I took the odds to make the set on each card and added them together (ie. 50 cards left in the deck minus 2 cards for outs gets me to 48-2)....(1/24)+(1/23.5)+(1/23) and I got 7.83-1 to make a set.

SExyBeast
04-01-2003, 08:28 PM
or put another way pp in the hole ur about 8-1 shot to make set /forums/images/icons/grin.gif gl hf

BruceZ
04-03-2003, 07:50 AM
I took the odds to make the set on each card and added them together (ie. 50 cards left in the deck minus 2 cards for outs gets me to 48-2)....(1/24)+(1/23.5)+(1/23) and I got 7.83-1 to make a set.
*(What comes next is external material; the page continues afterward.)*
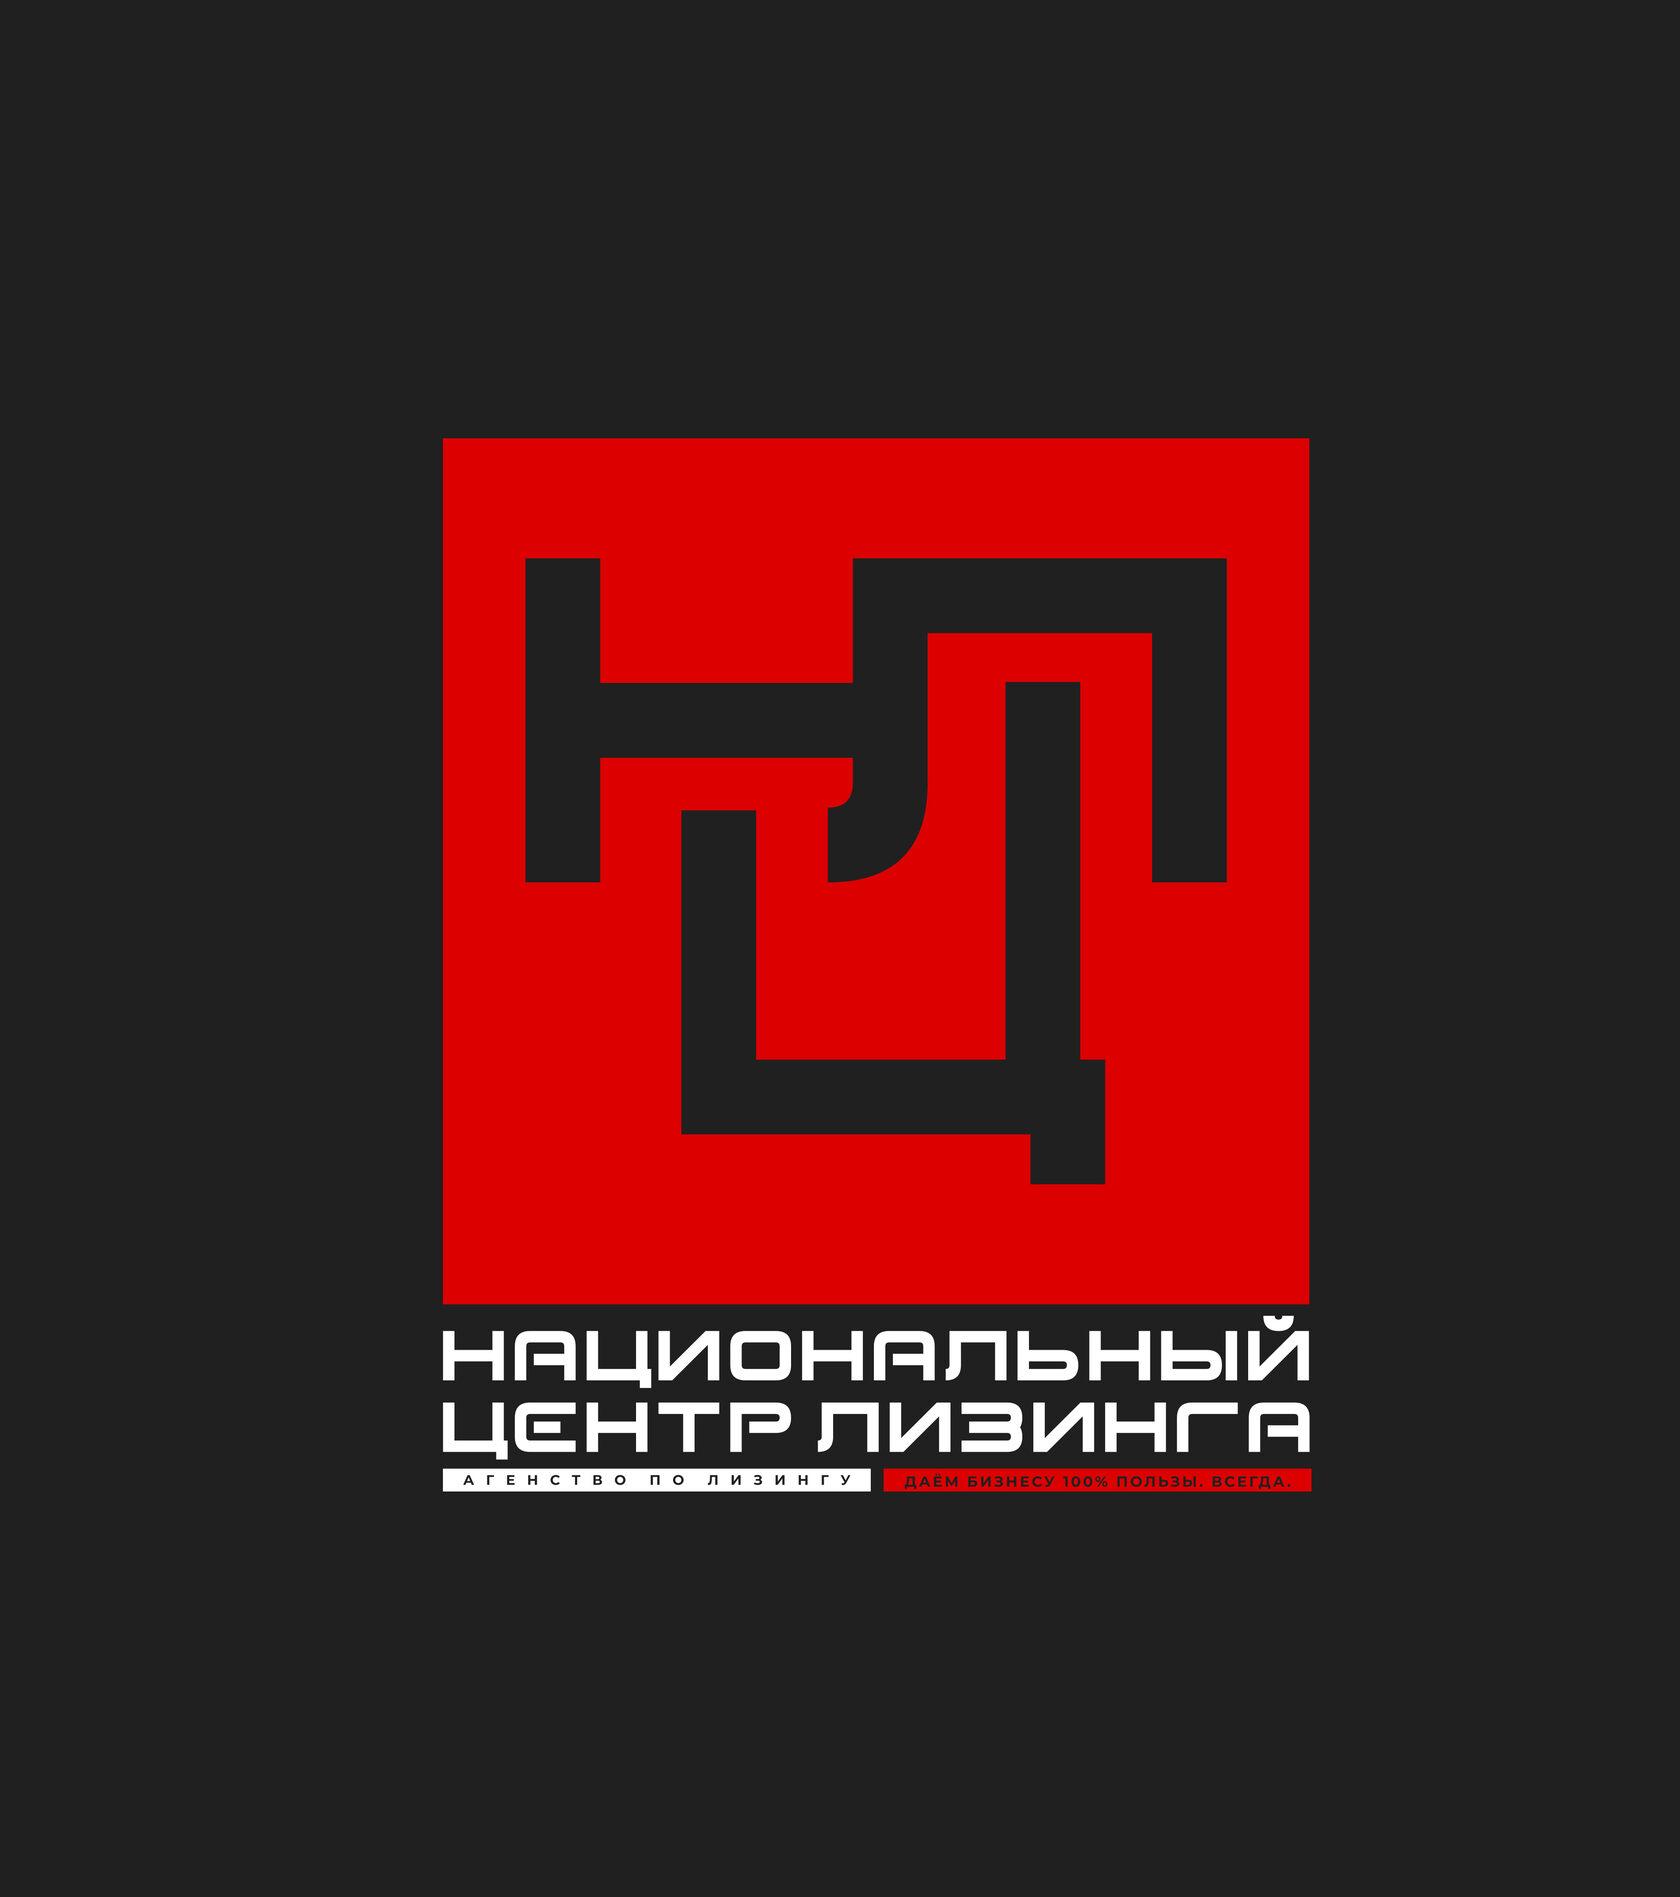 Московский Центр Лизинга | +74951284643 | 1-й Нагатинский пр., 10
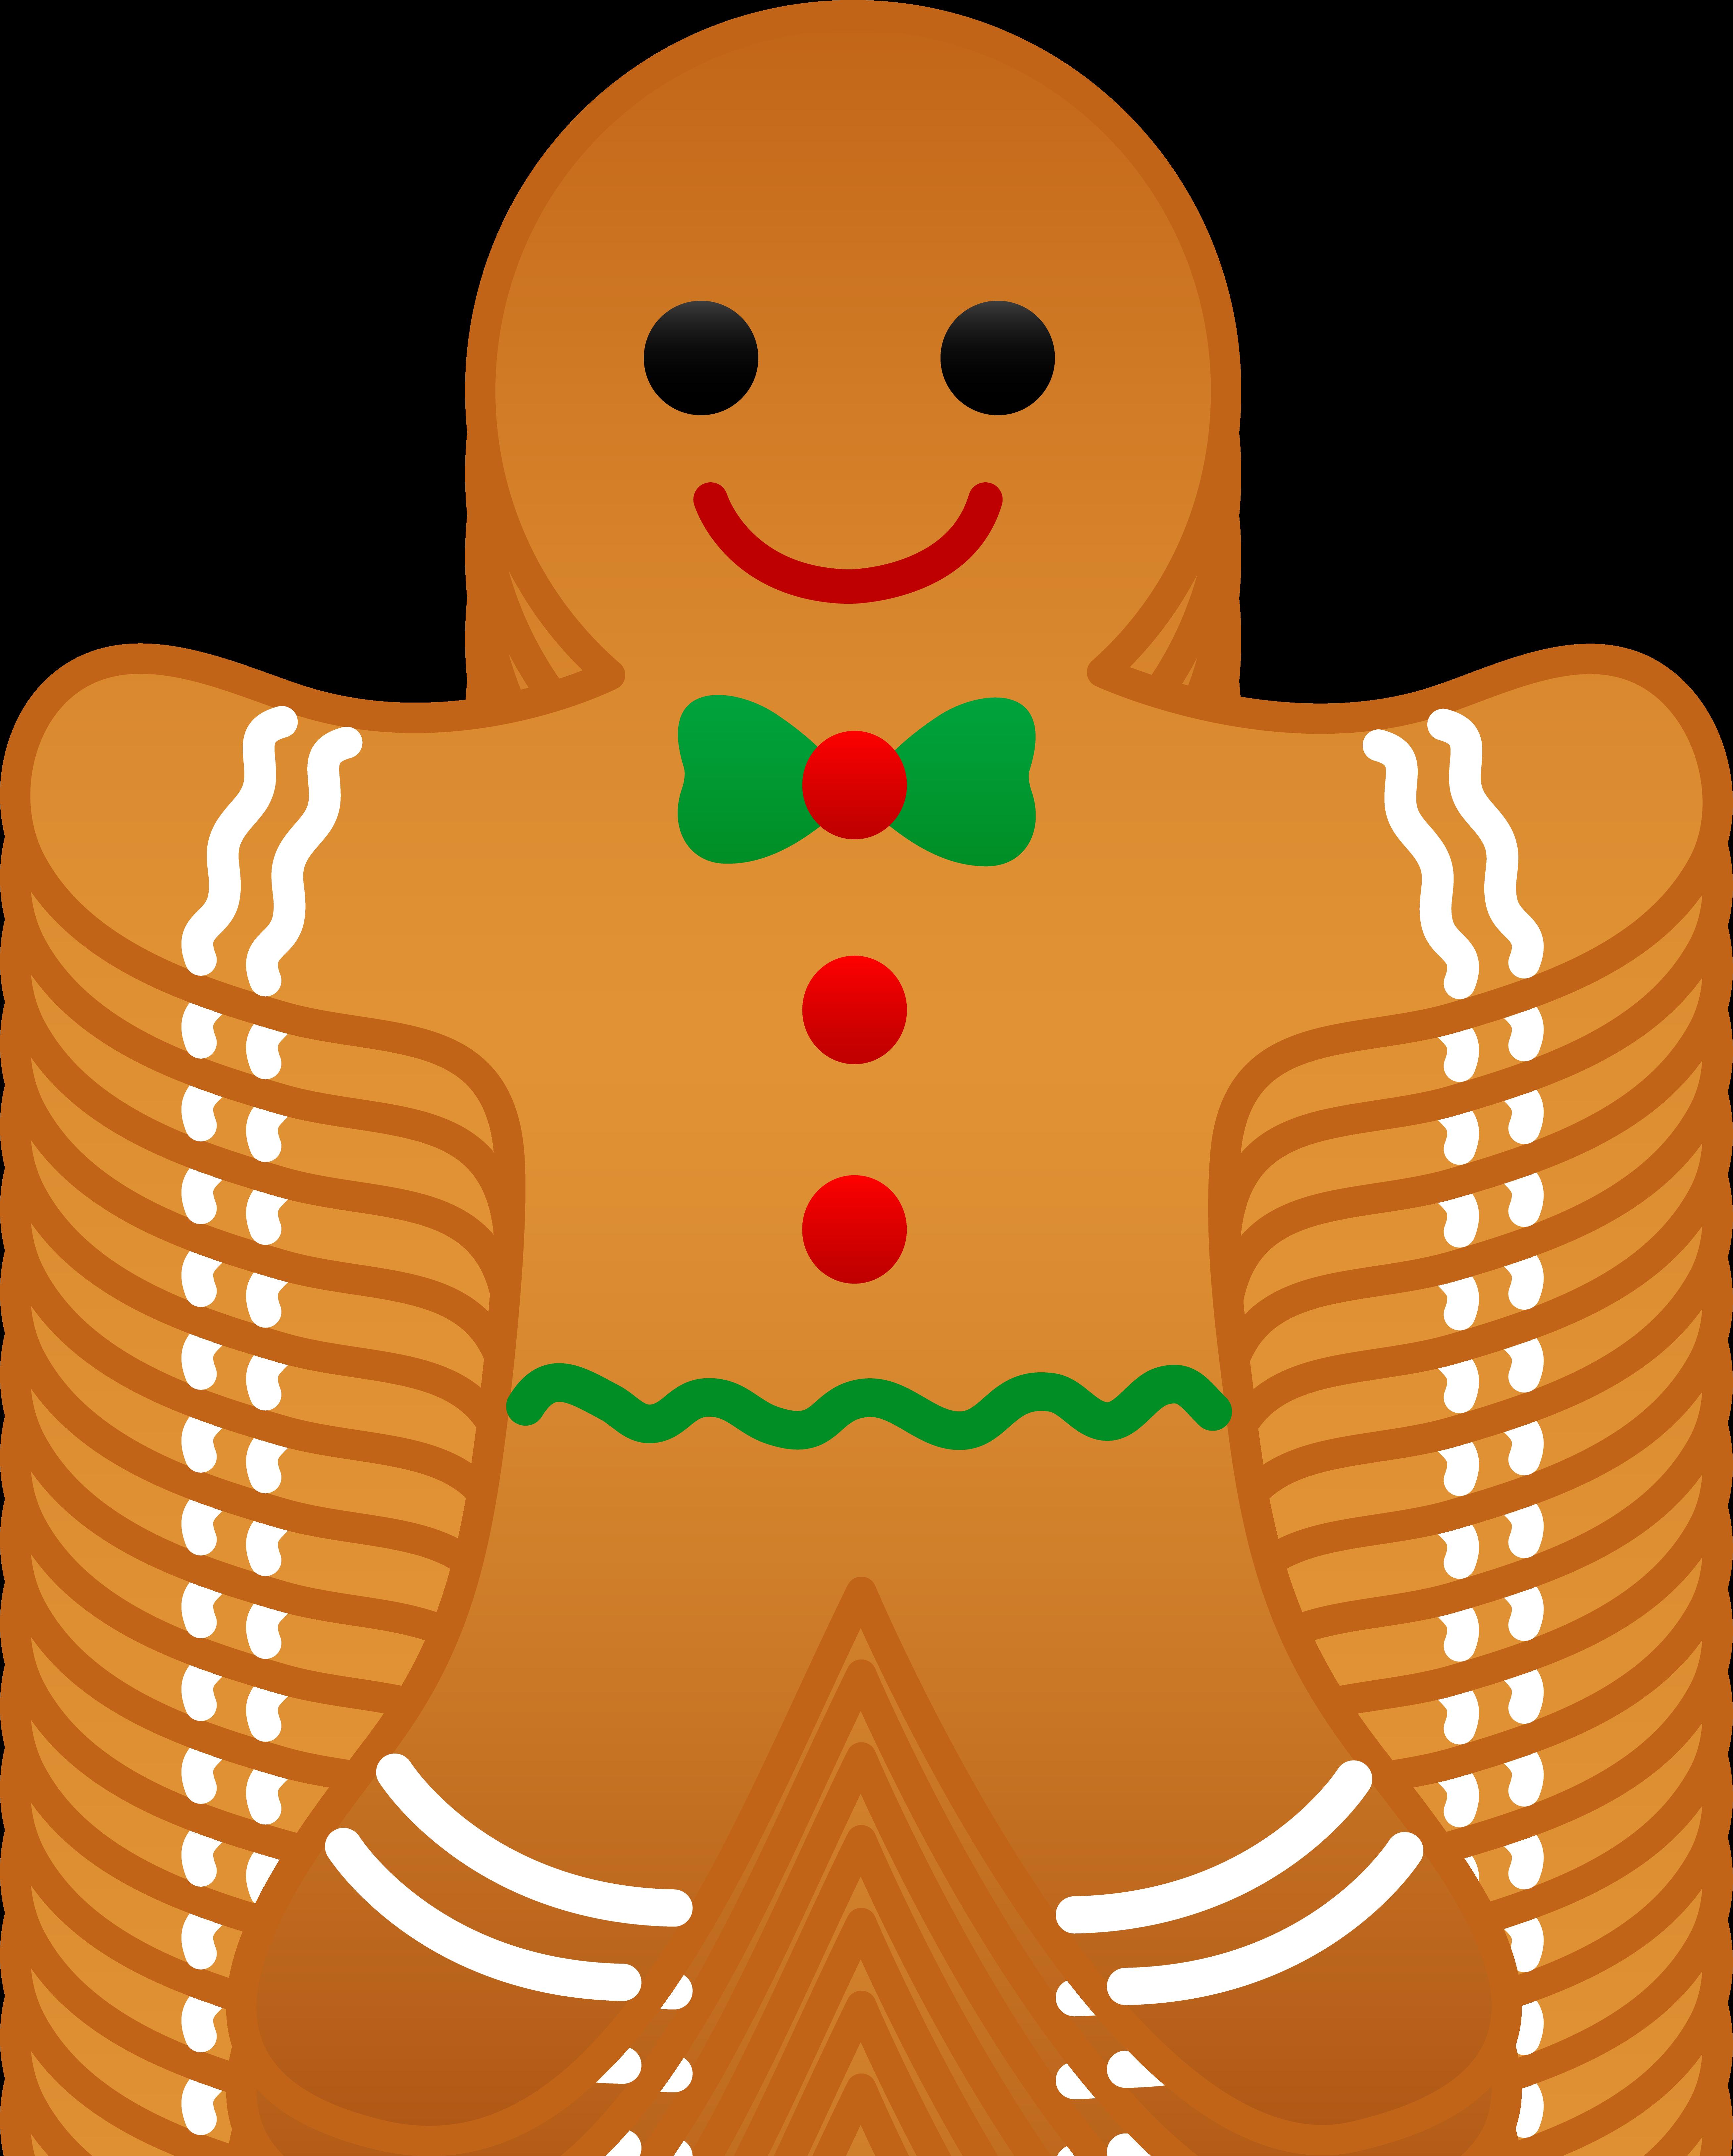 Cookies Clip Artchristmas Gingerbread Man Free Clip Art Bpr3sjis Png

There are several problems here. First of all, 48-2 odds is not 1/24, it is 2/50 = 1/25. Second of all, this sum adds up to 1 IN 7.83, but that is 6.83-1. Third of all, the second term cannot be 2/47 = 1/23.5 because this is just the probability of making a set on the 2nd card when you miss it on the 1st card. You have to multiply that by the probability that we also didn't make it on the 1st card as pudley did above. This still would include full houses. You can also break it down as I did.

Here's another way to do this. Before the flop, the probability of making a set any given card is 2/50. If we take 3 times this or 2/50 + 2/50 + 2/50 = 6/50, that would be the probability of making it on any of the 3 cards, except that we would be double counting all the times we make quads because when we add the second 2/50, that counts all the times we make quads on cards 2 and 1 which we already counted, and when we add the third 2/50, that counts all the times we make quads on cards 3 and 1 and on cards 3 and 2 which we already counted. Since all quads are counted twice, we can subtract the probability of making quads, which we found above is 0.245%. So 6/50 - 0.245% = 11.76% or 7.5-1 for a set or better.